> [WHAT NEEDS TO BE DONE]:
Give back every record exactly, images excluded.

> [DATA PROVIDED]:

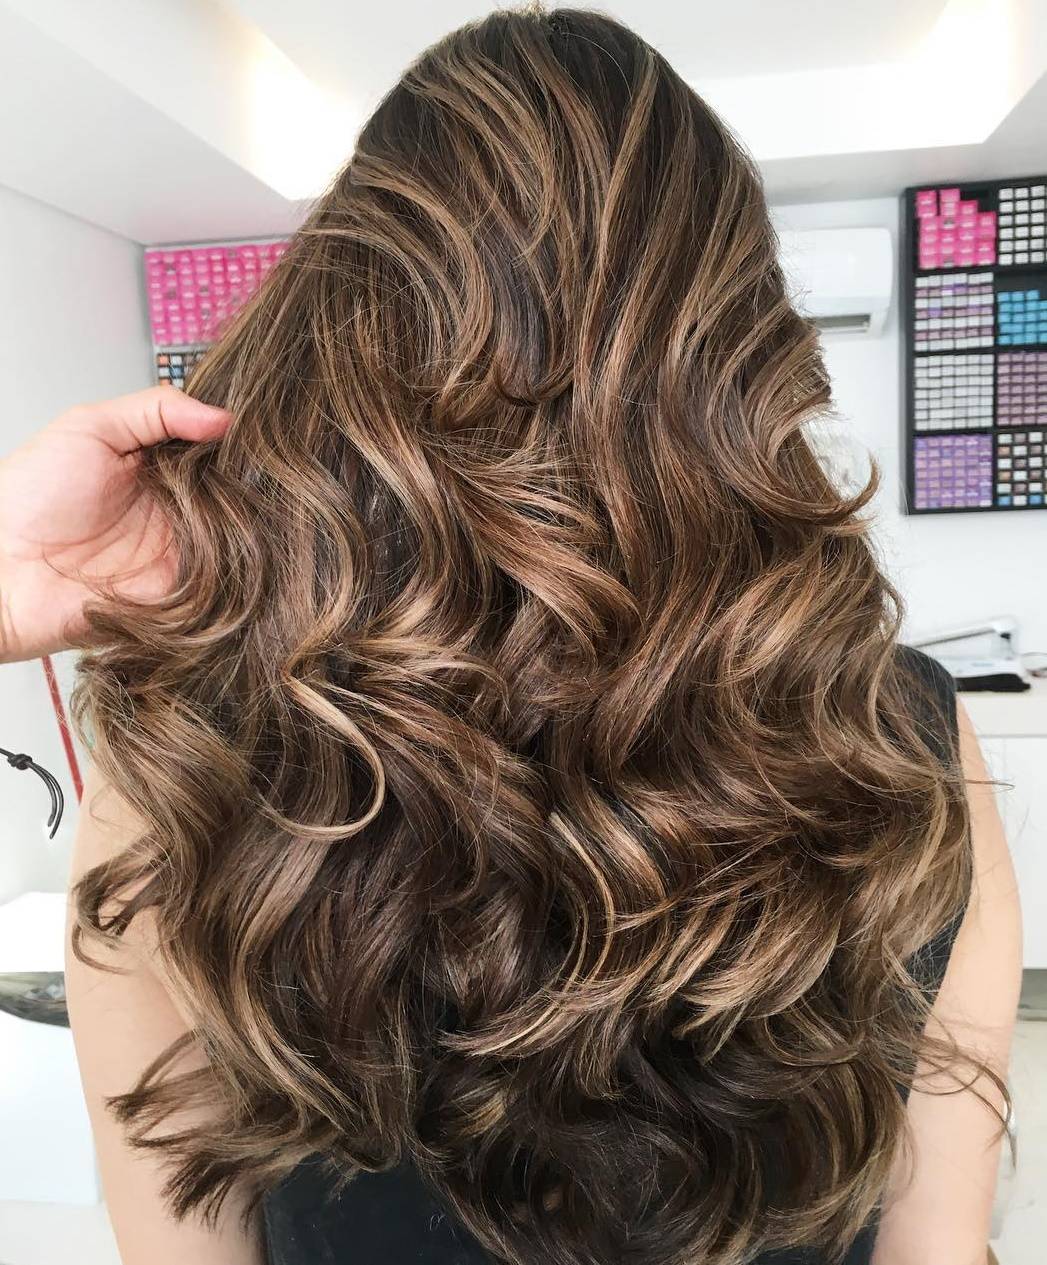 40 Top Long Hairstyles for Women to Keep up with Trends in 2021
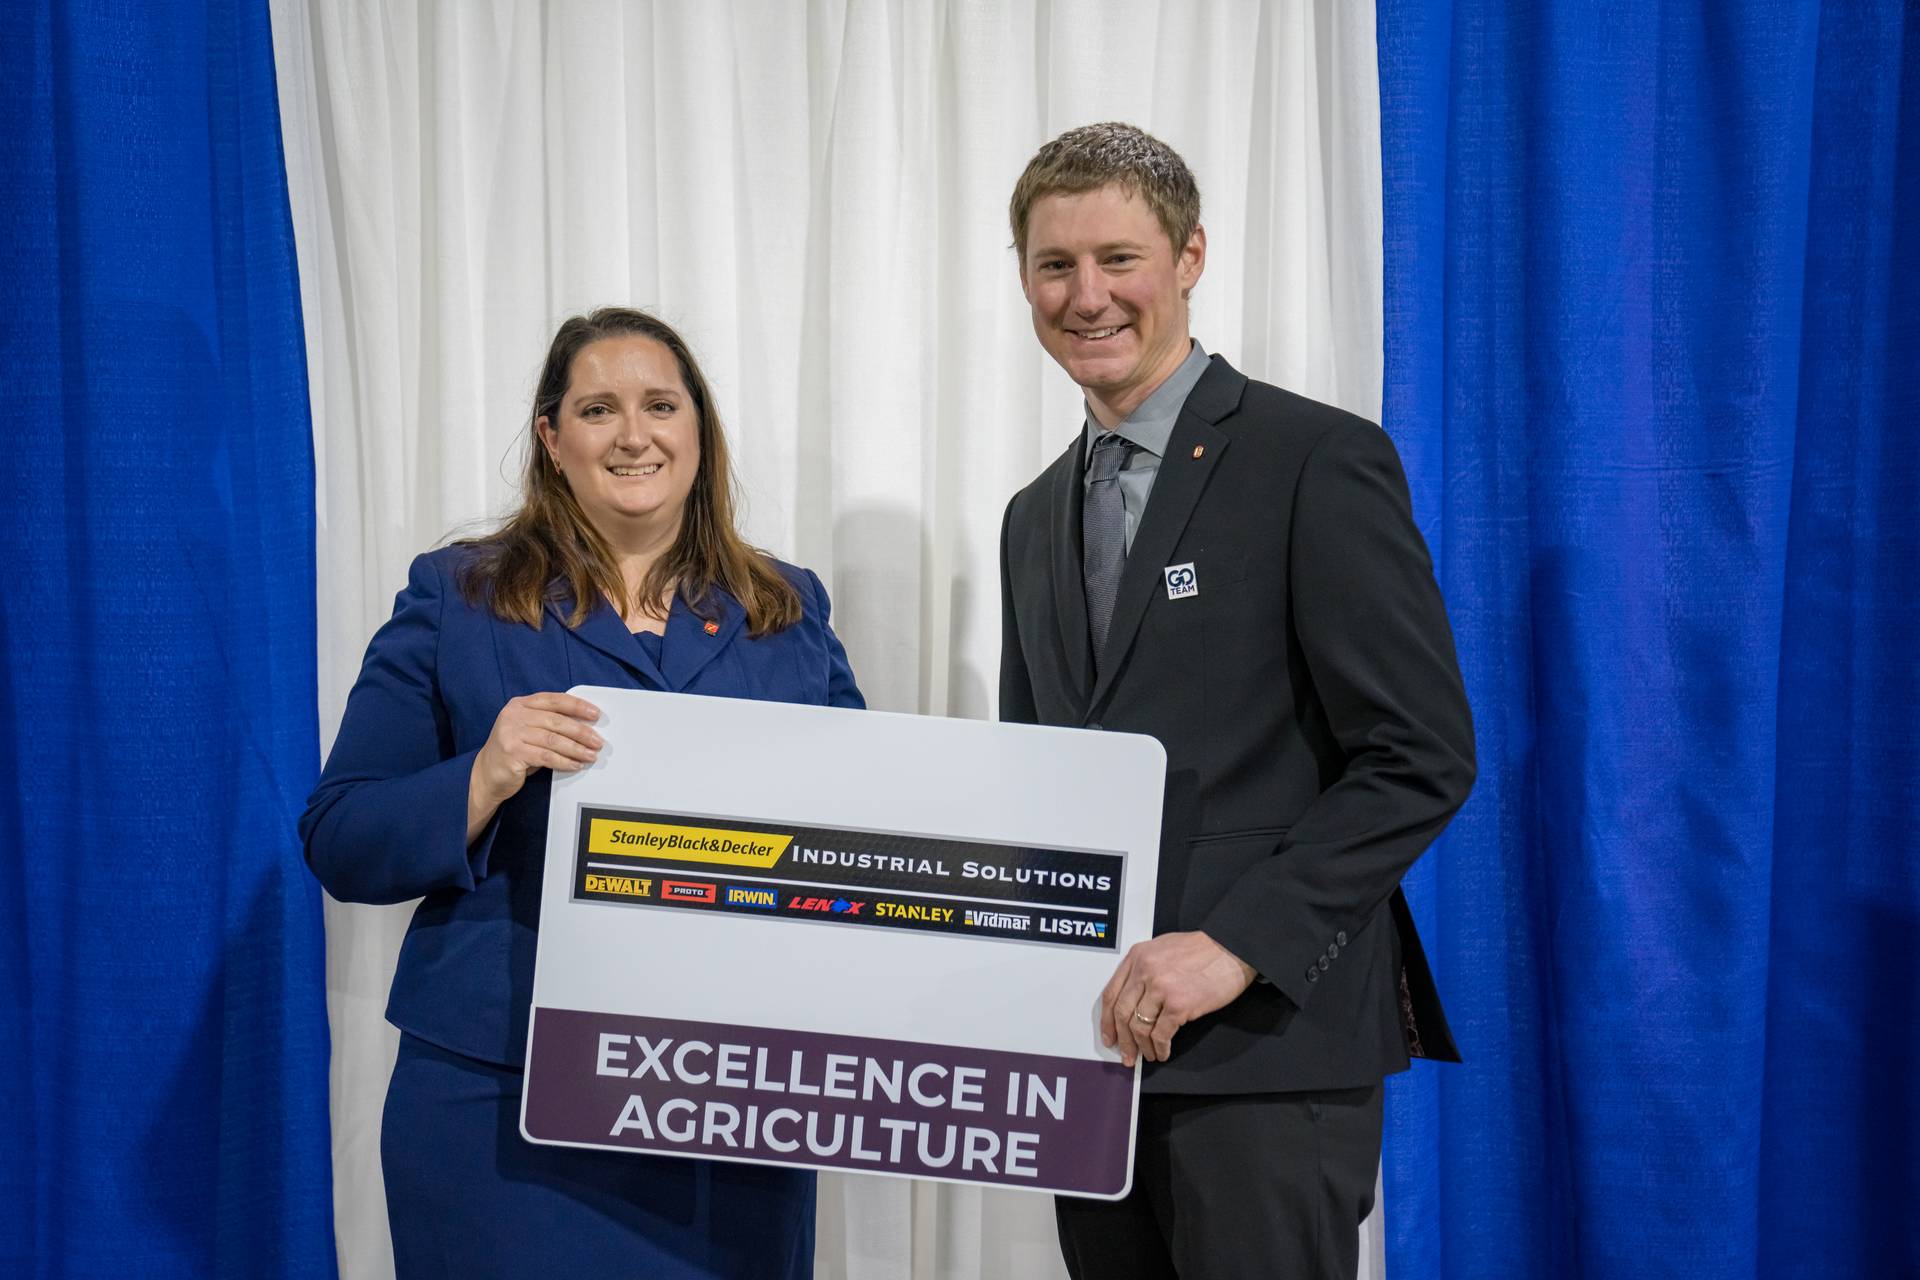 Kayla Griffith, from Lothian, Maryland, won third place in Excellence in Agriculture, receiving a cash prize from American Ag, numerous Case IH gifts, and Stanley Black & Decker merchandise.
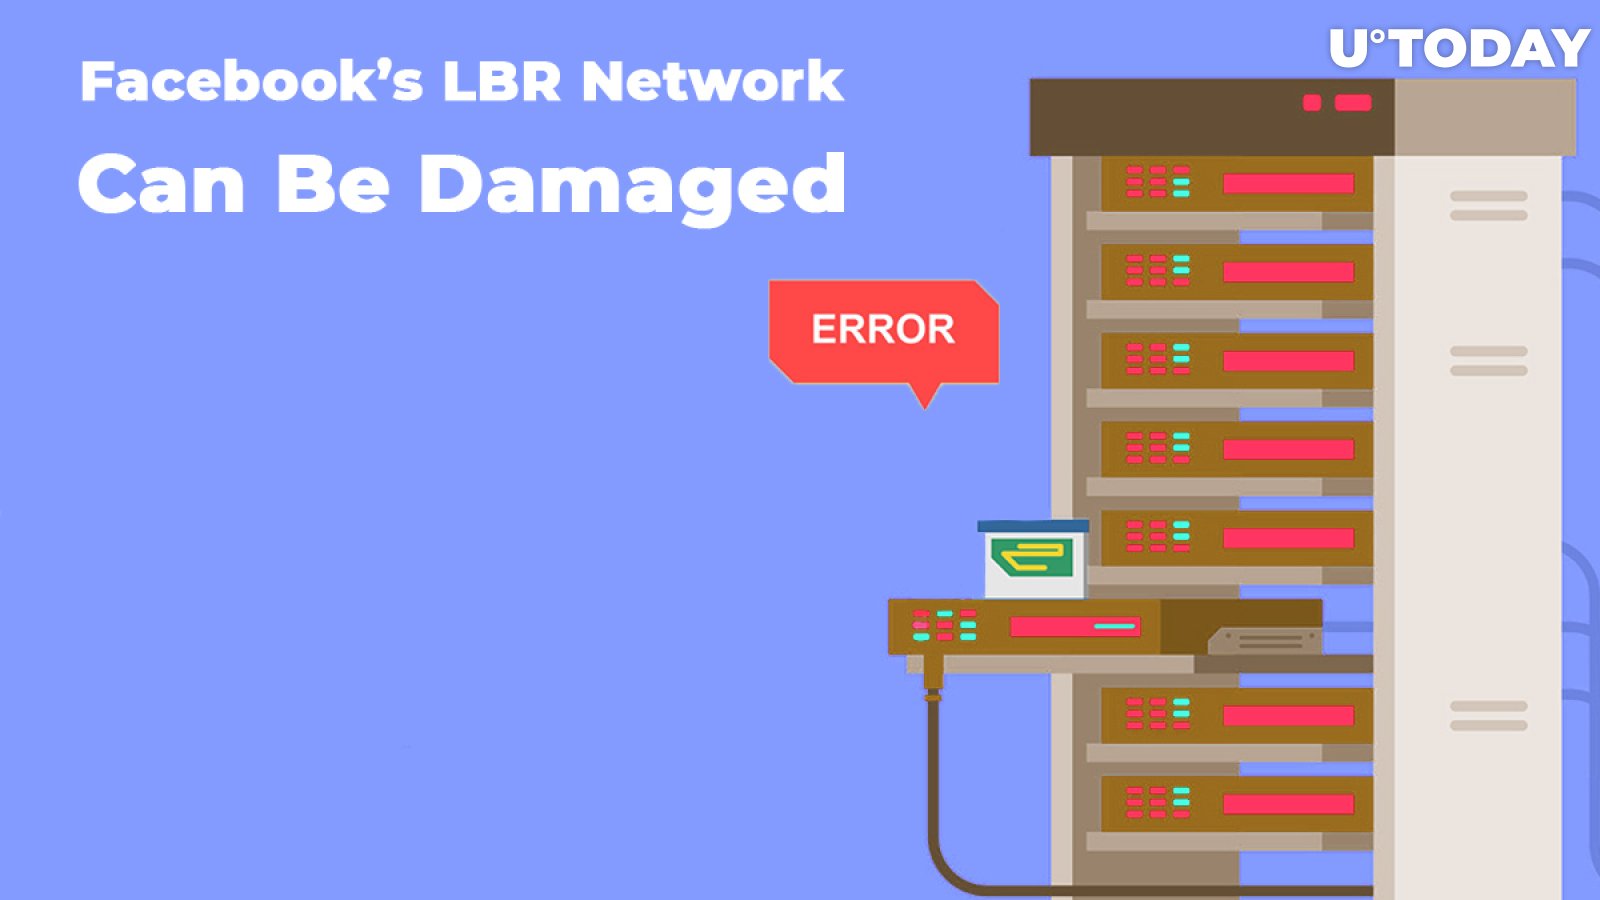 Libra White Paper: Facebook’s LBR Network Can Be Damaged Should 1/3 of Nodes Fail
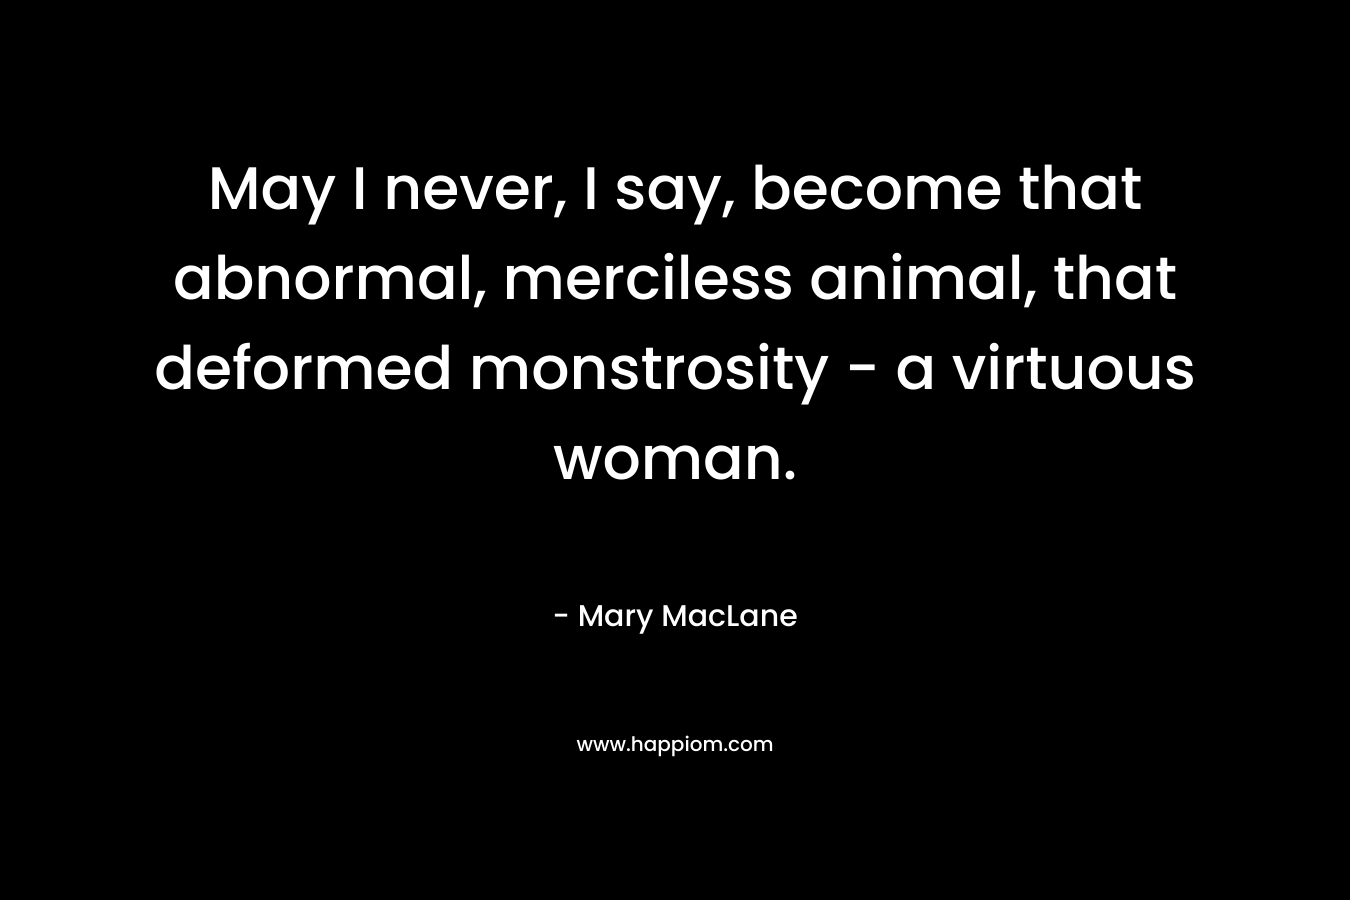 May I never, I say, become that abnormal, merciless animal, that deformed monstrosity - a virtuous woman.
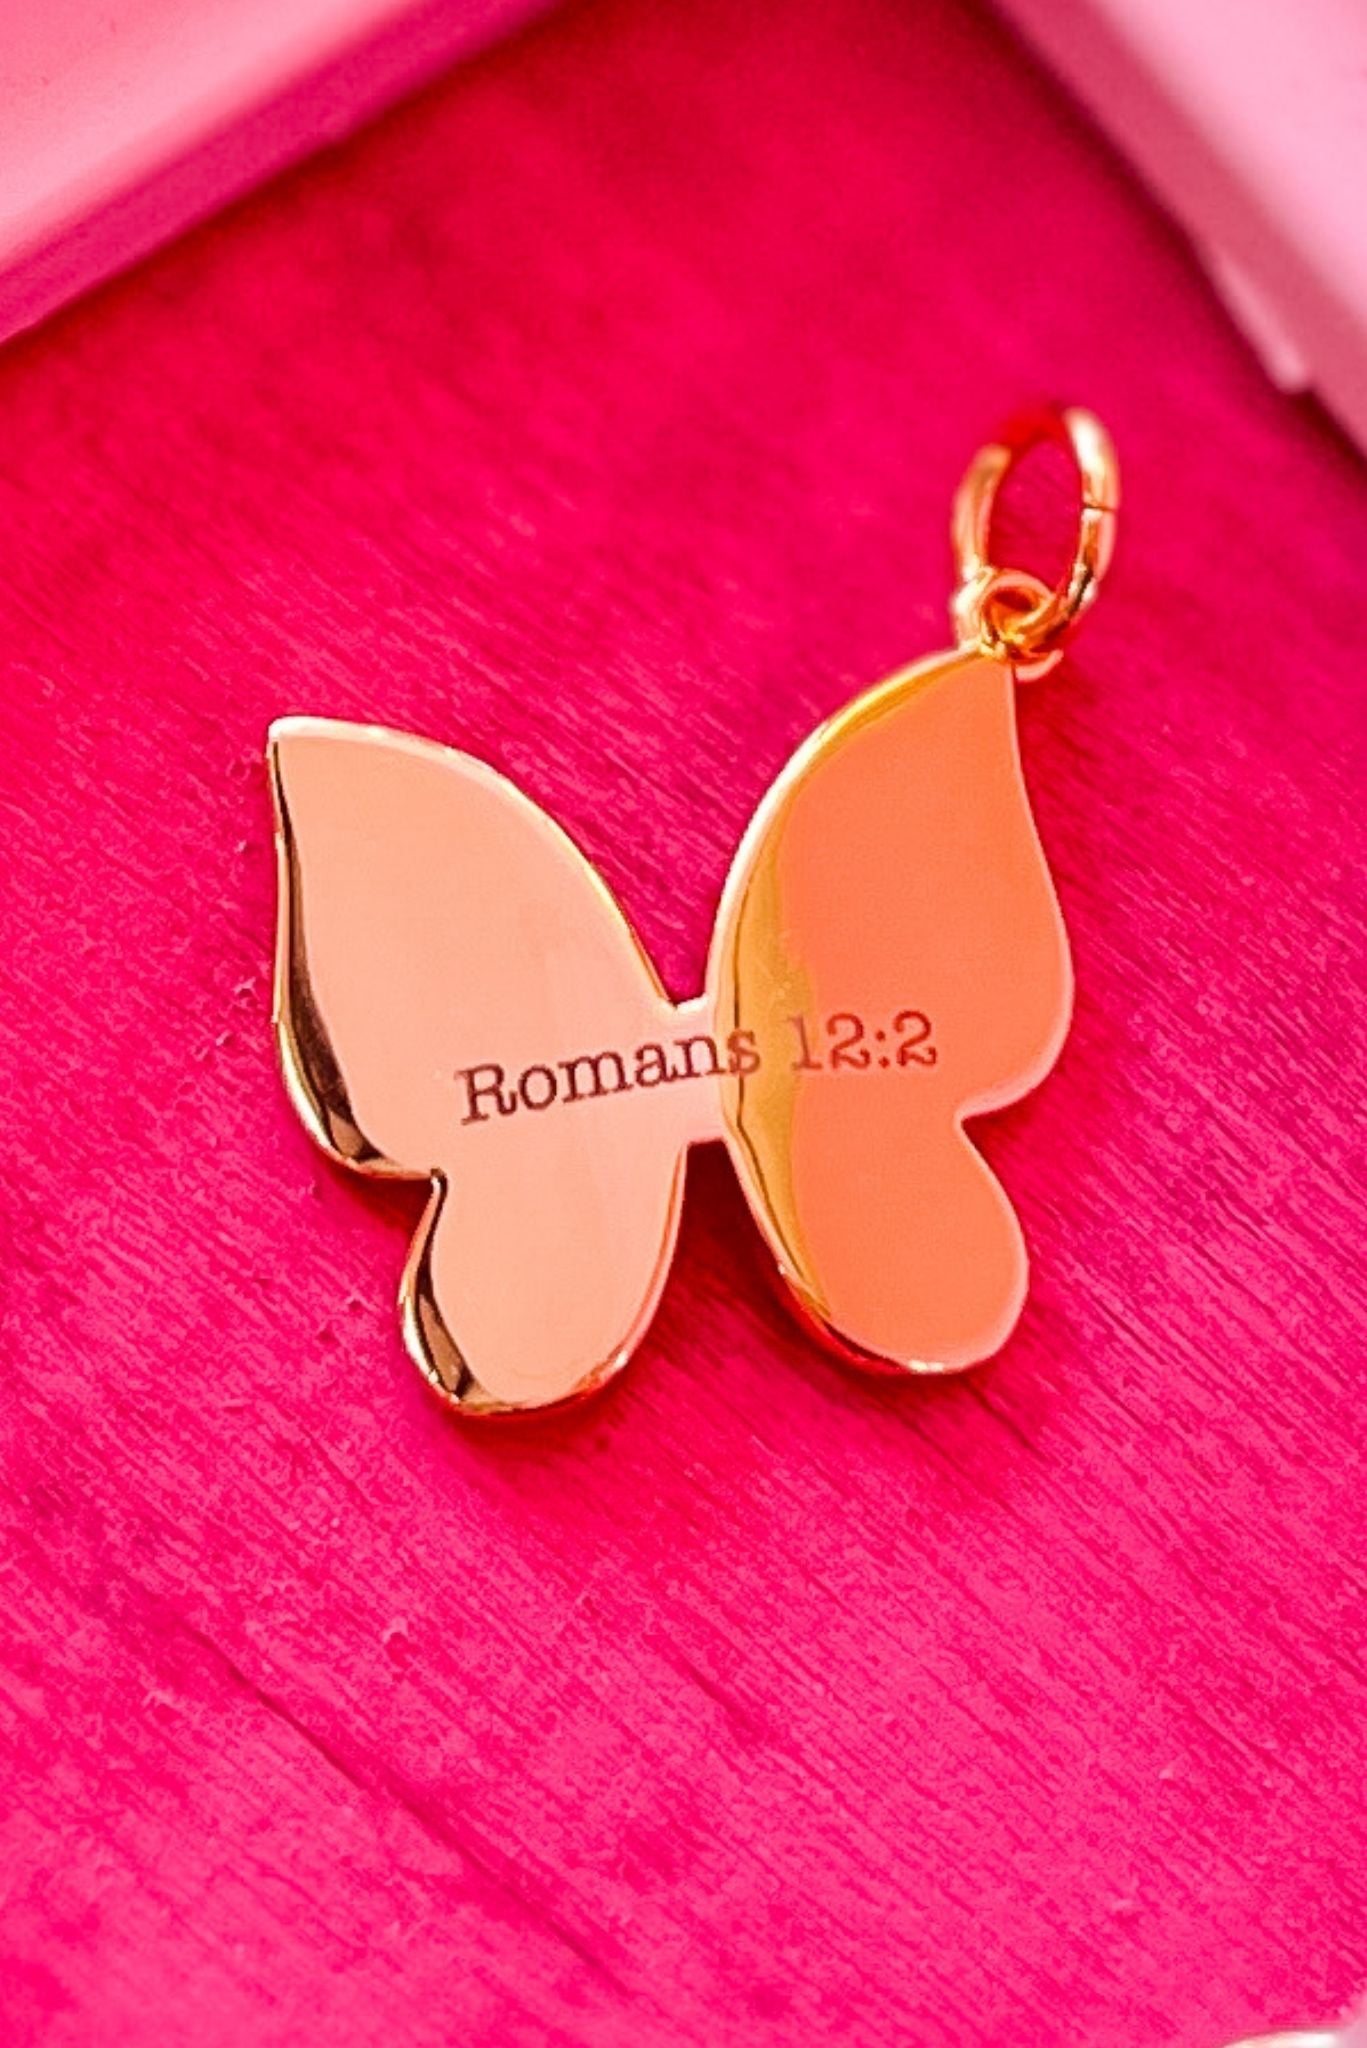 SSYS Scripture Butterfly Charm, ssys the label, must have charm, must have charm necklace, elevated charm, elevated charm necklace, acessories, scripture charm, scripture, gift, mom style, shop style your senses by mallory fitzsimmons

> [ANSWER FOR THIS EXERCISE]:
 40 Top Long Hairstyles for Women to Keep up with Trends in 2021
 Kayla Griffith, from Lothian, Maryland, won third place in Excellence in Agriculture, receiving a cash prize from American Ag, numerous Case IH gifts, and Stanley Black & Decker merchandise.
 Libra White Paper: Facebook’s LBR Network Can Be Damaged Should 1/3 of Nodes Fail
 May I never, I say, become that abnormal, merciless animal, that deformed monstrosity - a virtuous woman.
 SSYS Scripture Butterfly Charm, ssys the label, must have charm, must have charm necklace, elevated charm, elevated charm necklace, acessories, scripture charm, scripture, gift, mom style, shop style your senses by mallory fitzsimmons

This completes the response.